Practice what you've learned:
- Experiment with different installation methods
- Create workflows with multiple task types
- Set up dependencies between tasks
- Monitor workflow execution in the web UI
- Explore the API endpoints for automation
What's the first distributed workflow you want to build? 🔀
Most teams struggle here because the hard part is not writing more code, but deciding clear boundaries for Task, deer, flow so behavior stays predictable as complexity grows.
In practical terms, this chapter helps you avoid three common failures:
- coupling core logic too tightly to one implementation path
- missing the handoff boundaries between setup, execution, and validation
- shipping changes without clear rollback or observability strategy
After working through this chapter, you should be able to reason about Chapter 1: Getting Started with Deer Flow as an operating subsystem inside Deer Flow Tutorial: Distributed Workflow Orchestration Platform, with explicit contracts for inputs, state transitions, and outputs.
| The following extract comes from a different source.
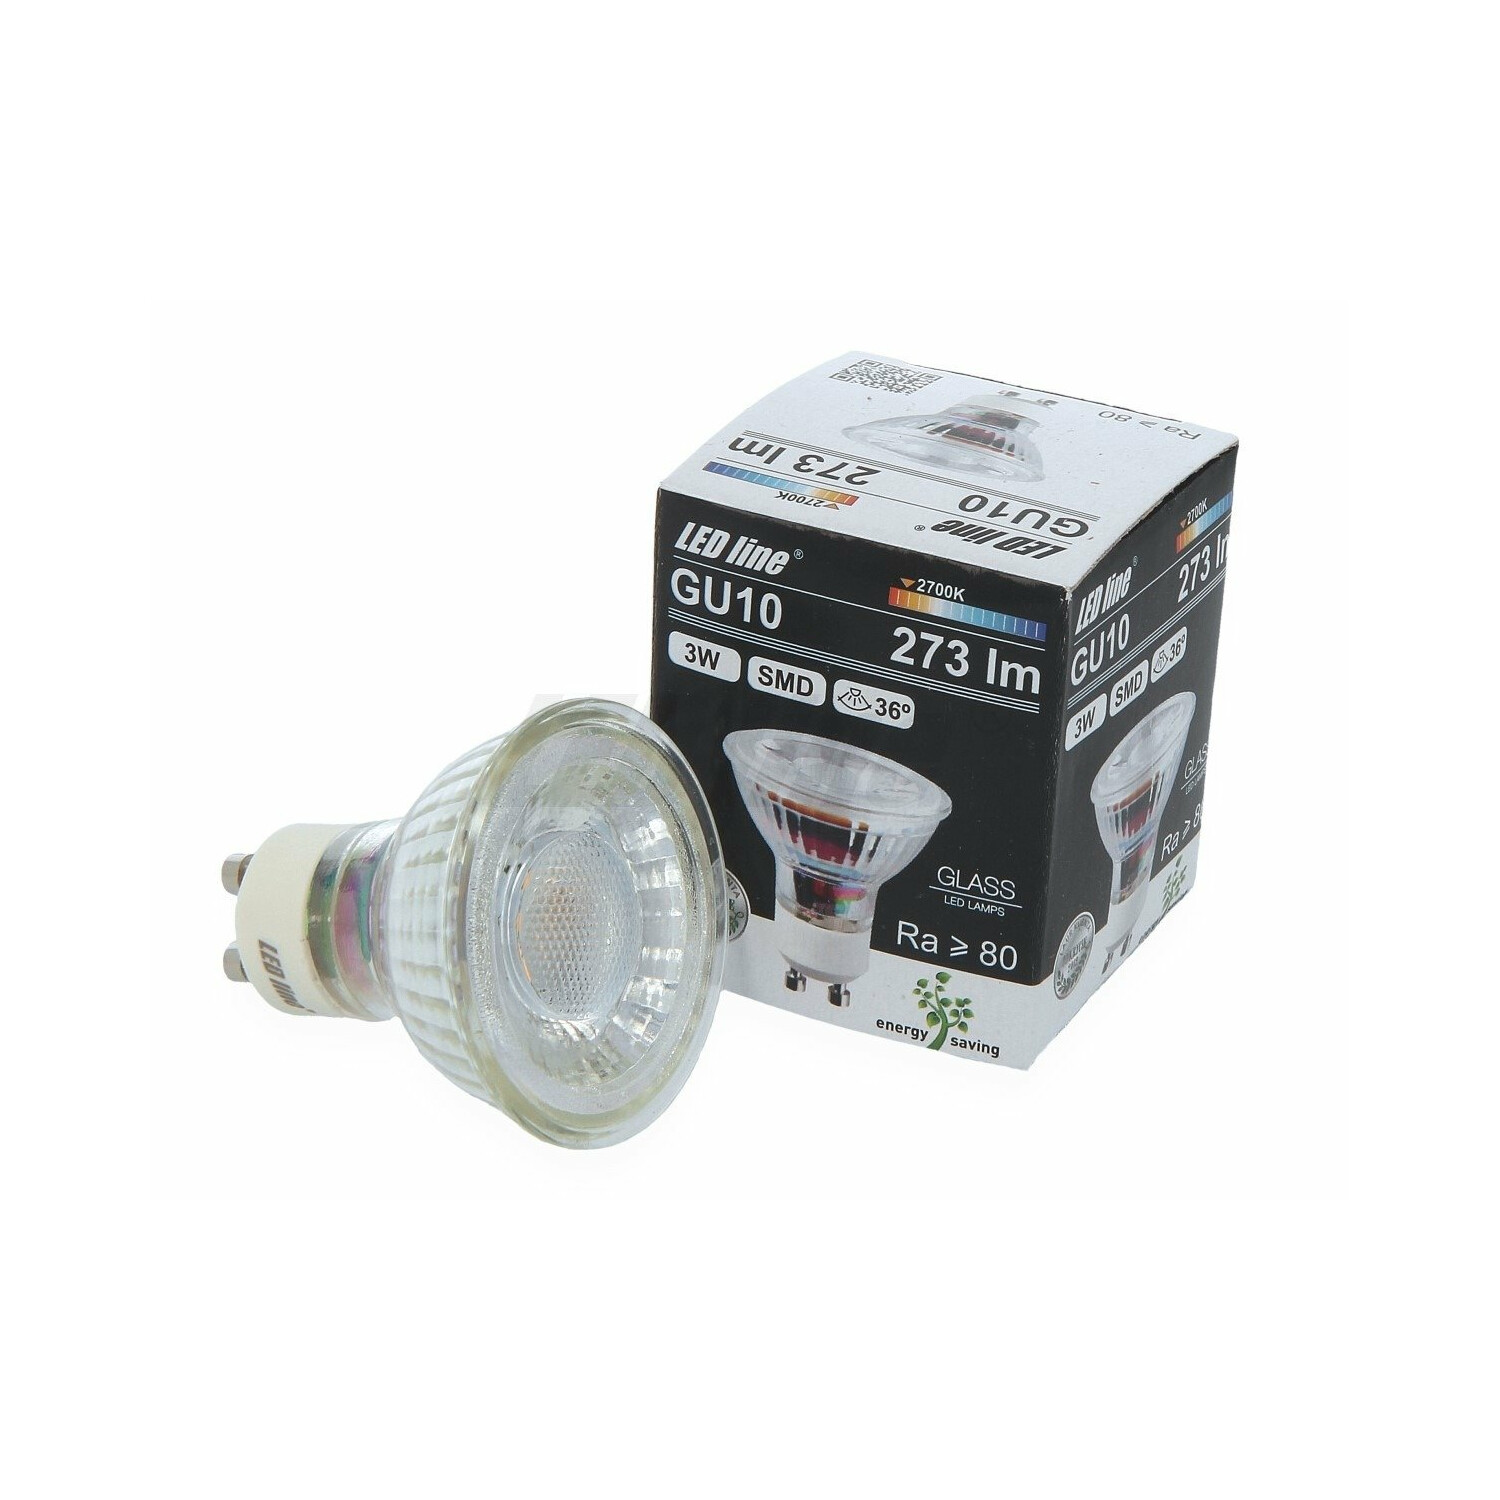 LED LINE 1x GU10 Lumen Warmweiß SMD LED 3W 36° Leuchtmittel 273

Use the implementation notes around name, localhost, http as your checklist when adapting these patterns to your own repository.
Under the hood, Chapter 1: Getting Started with Deer Flow usually follows a repeatable control path:
- Context bootstrap: initialize runtime config and prerequisites for
Task. - Input normalization: shape incoming data so
deerreceives stable contracts. - Core execution: run the main logic branch and propagate intermediate state through
flow. - Policy and safety checks: enforce limits, auth scopes, and failure boundaries.
- Output composition: return canonical result payloads for downstream consumers.
- Operational telemetry: emit logs/metrics needed for debugging and performance tuning.
When debugging, walk this sequence in order and confirm each stage has explicit success/failure conditions.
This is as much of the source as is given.